Data extract ::
_ _ _ _
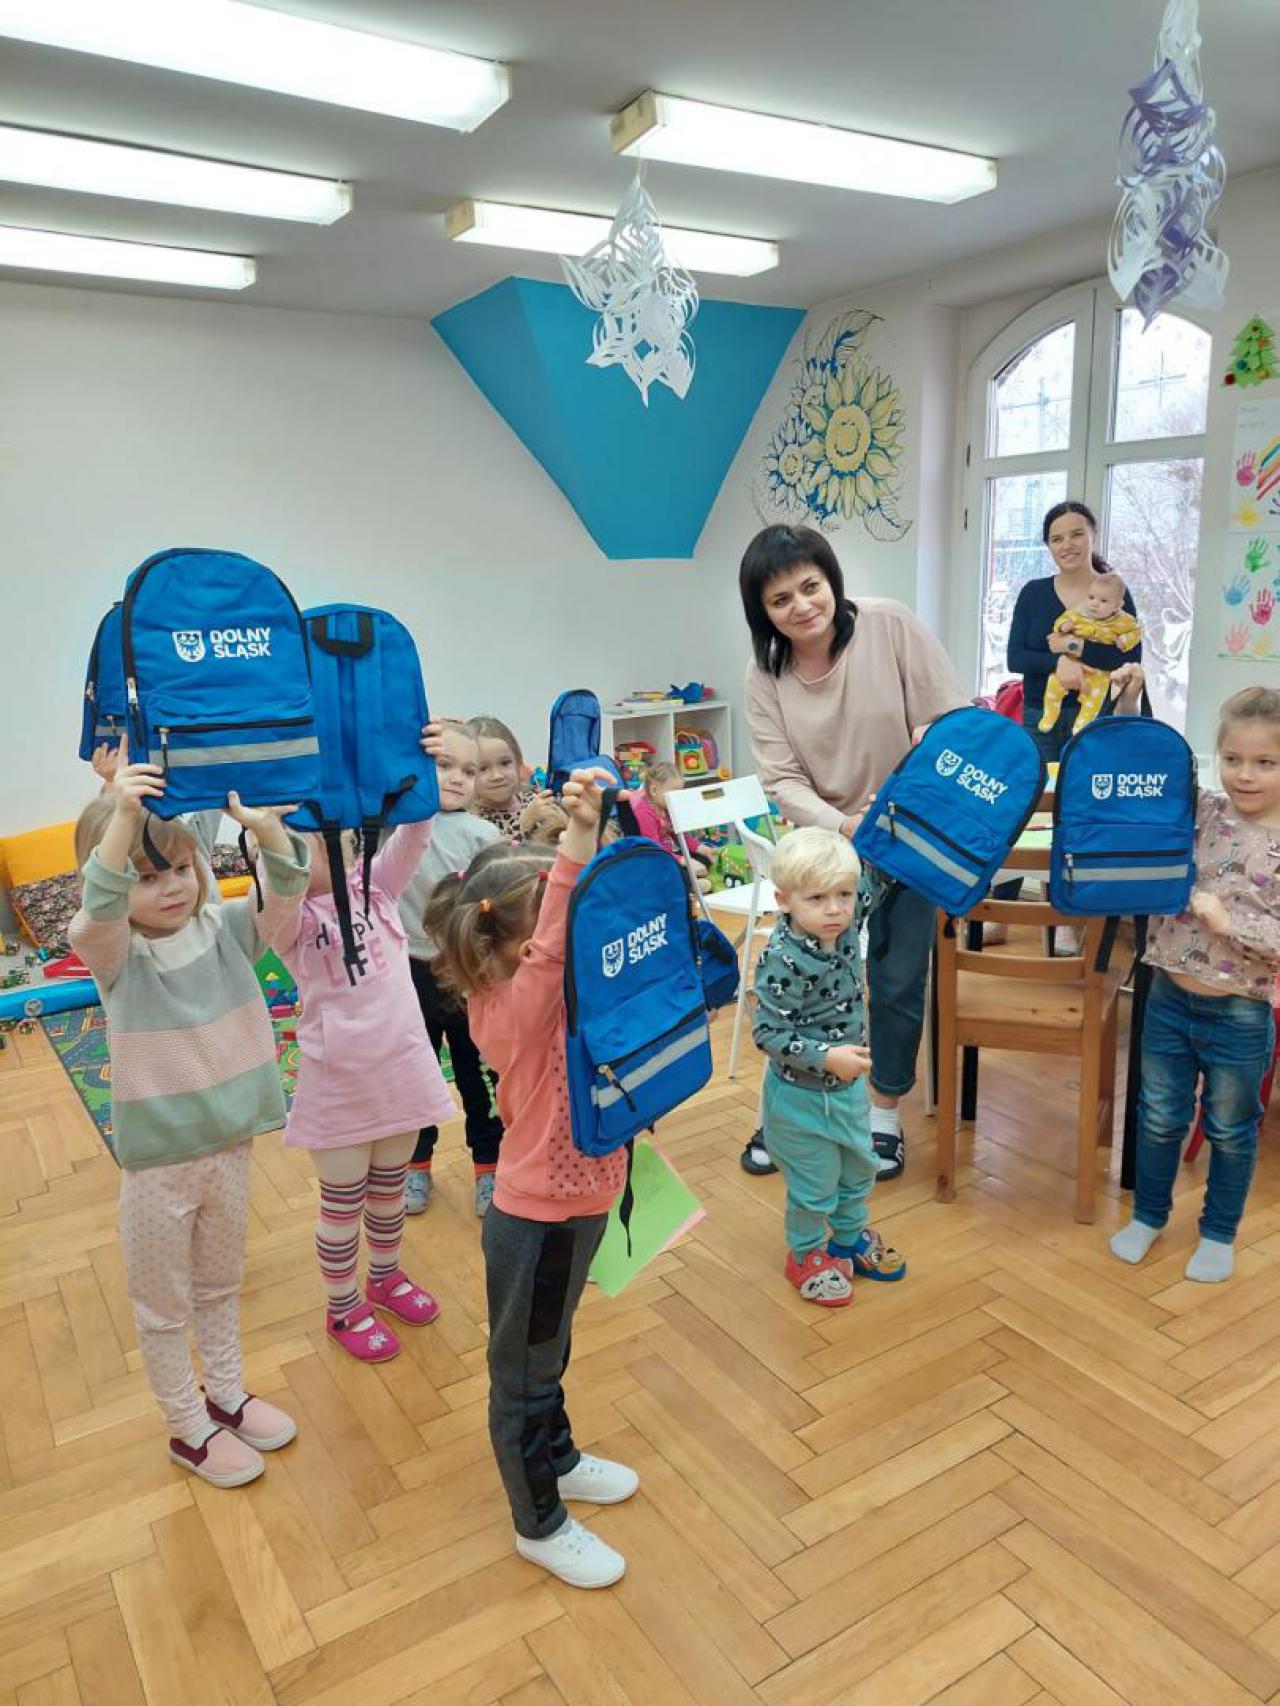 Gwiazdy Siatkówki przekazują pomoc dla ukraińskich dzieci
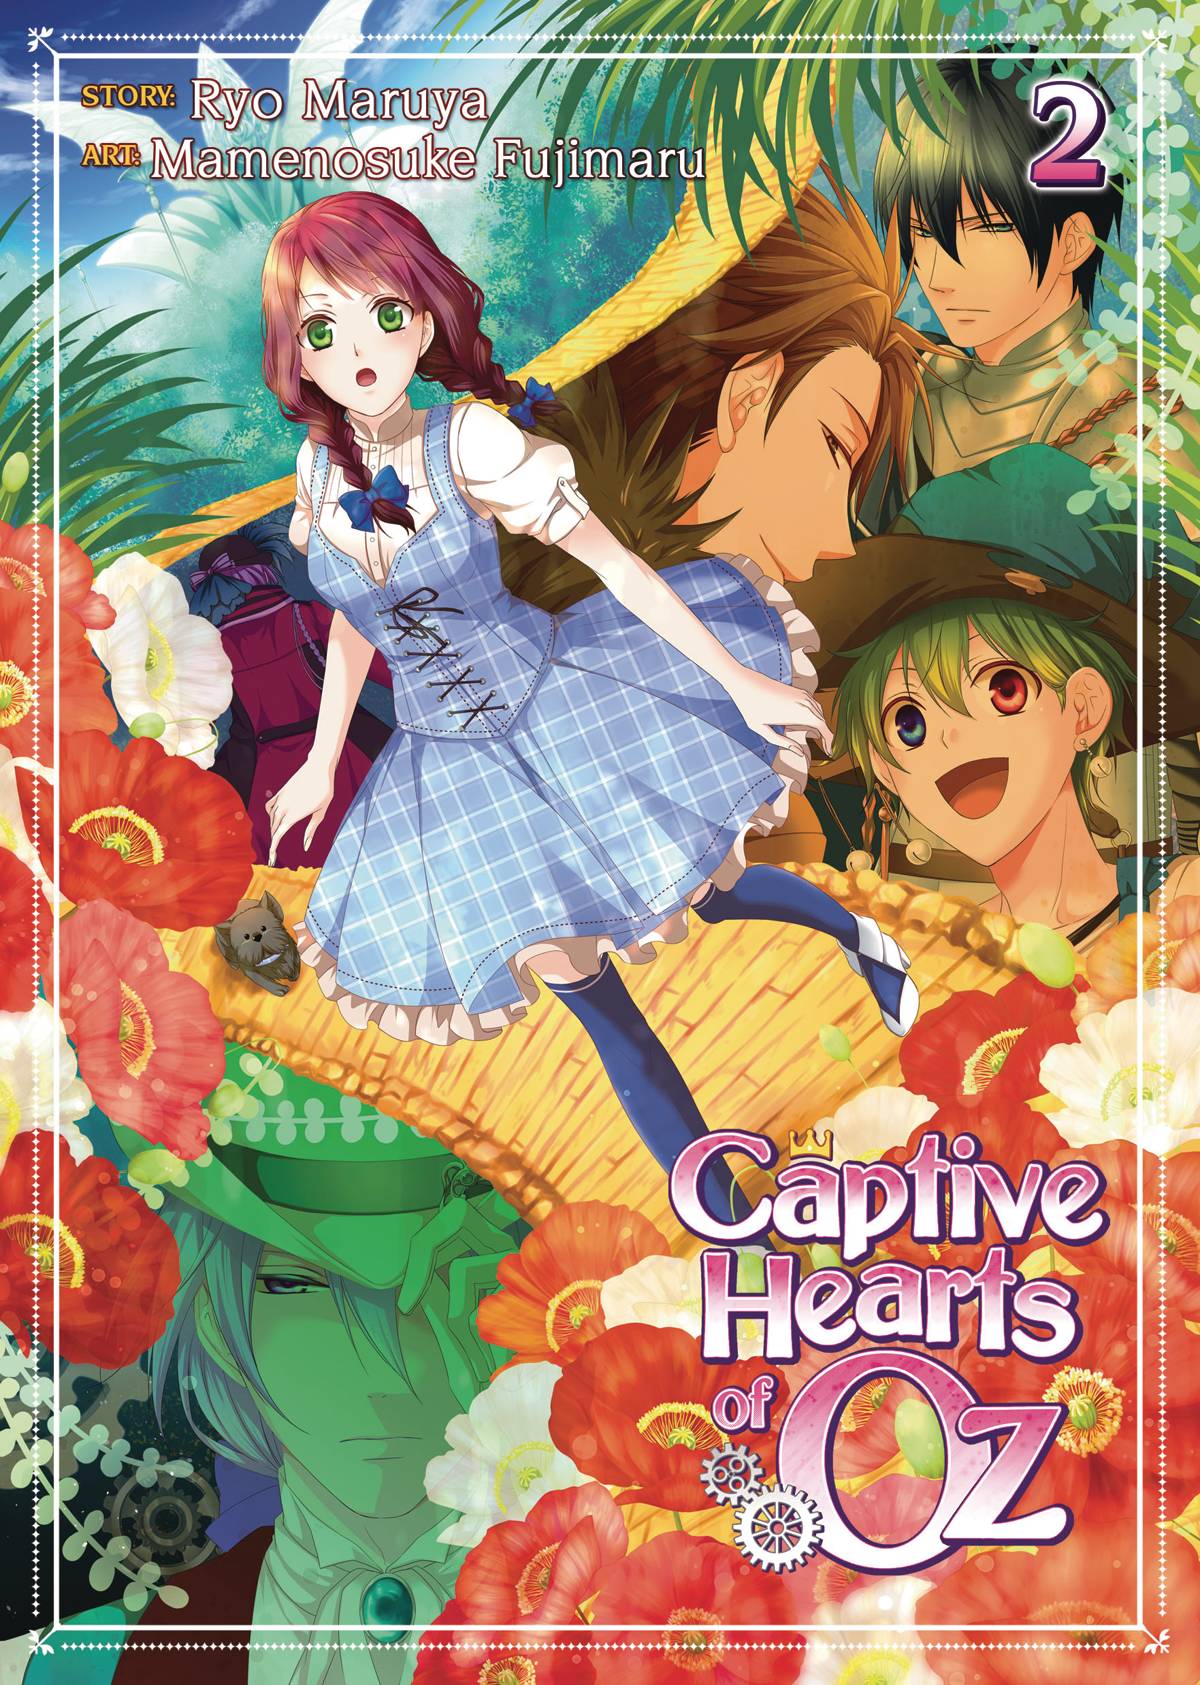 Captive Hearts of Oz Manga Volume 3
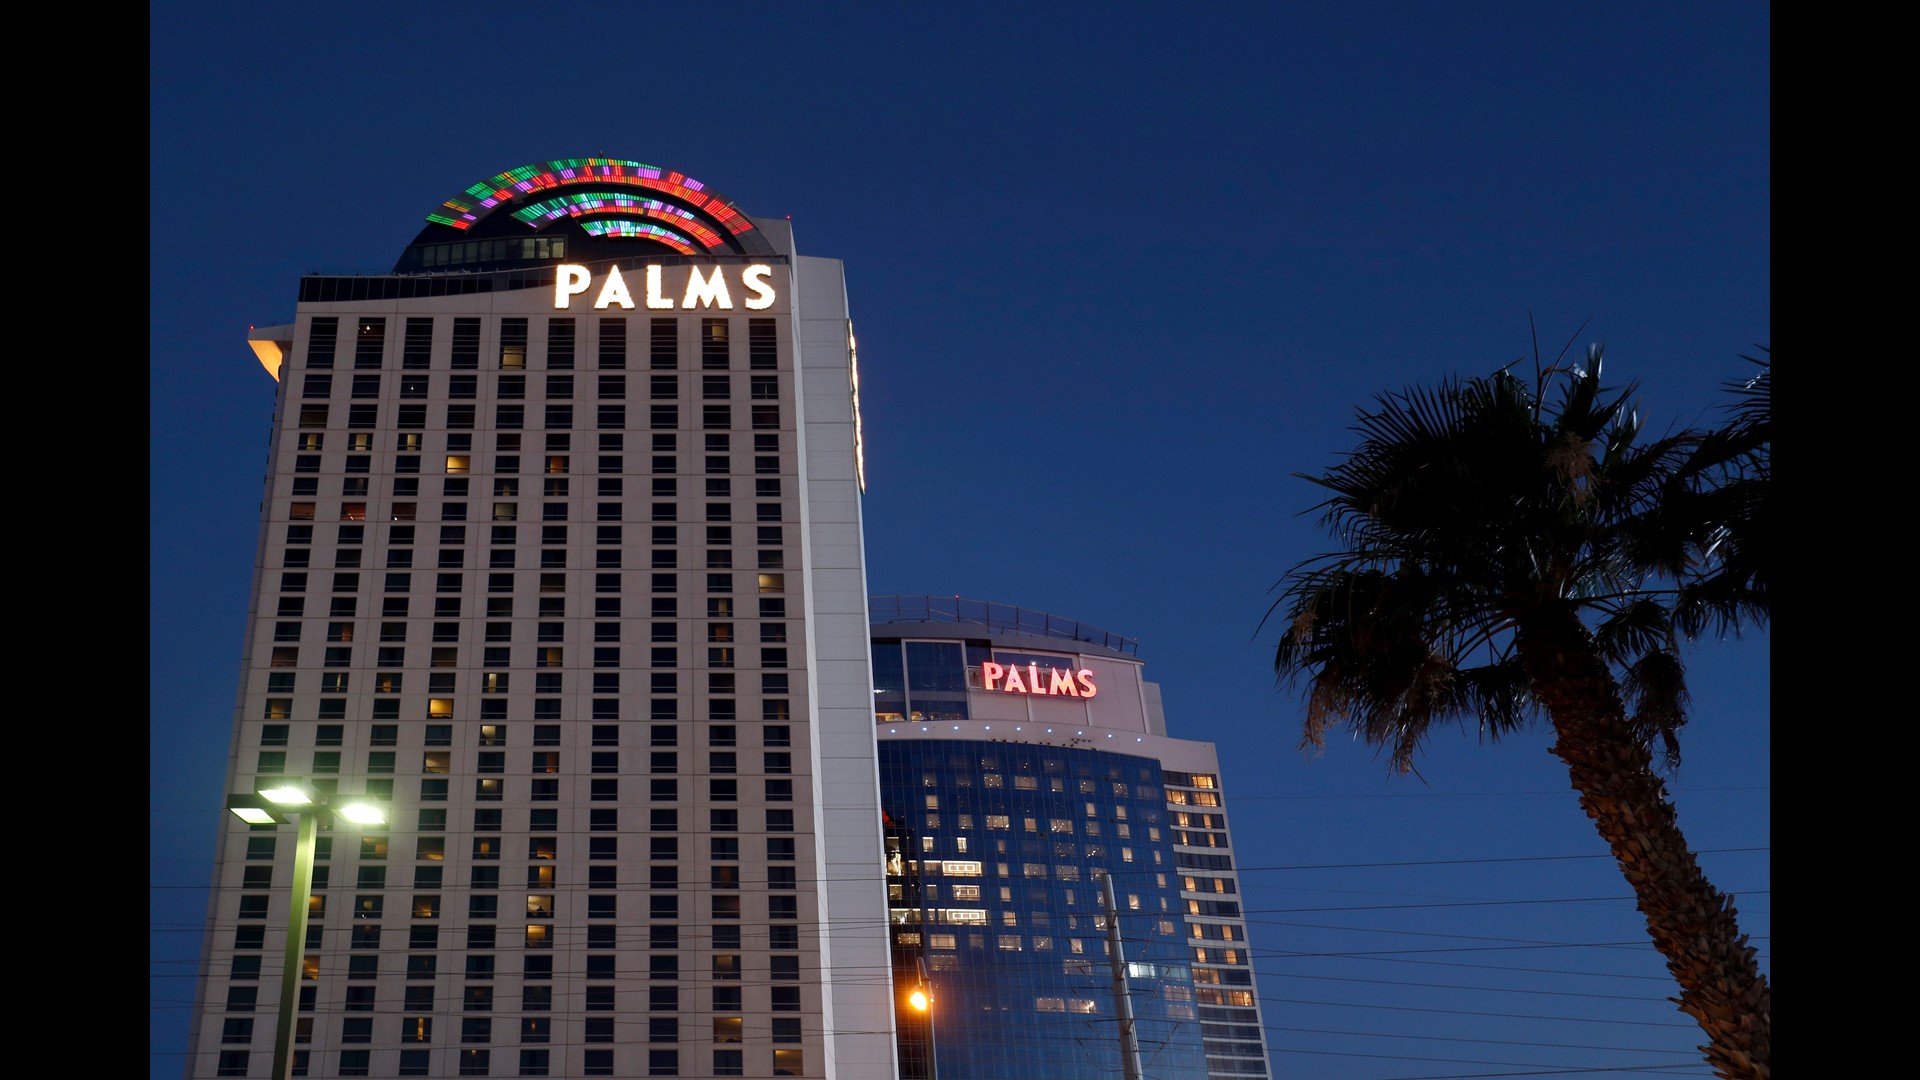 palms hotel casino las vegas
_ _ _ _
What the task asks ::
Without including any pictures, set down word for word every line from the one containing "Captive Hearts of Oz Manga Volume 3" through the last line of the material.

Exercise output ::
 Captive Hearts of Oz Manga Volume 3
 palms hotel casino las vegas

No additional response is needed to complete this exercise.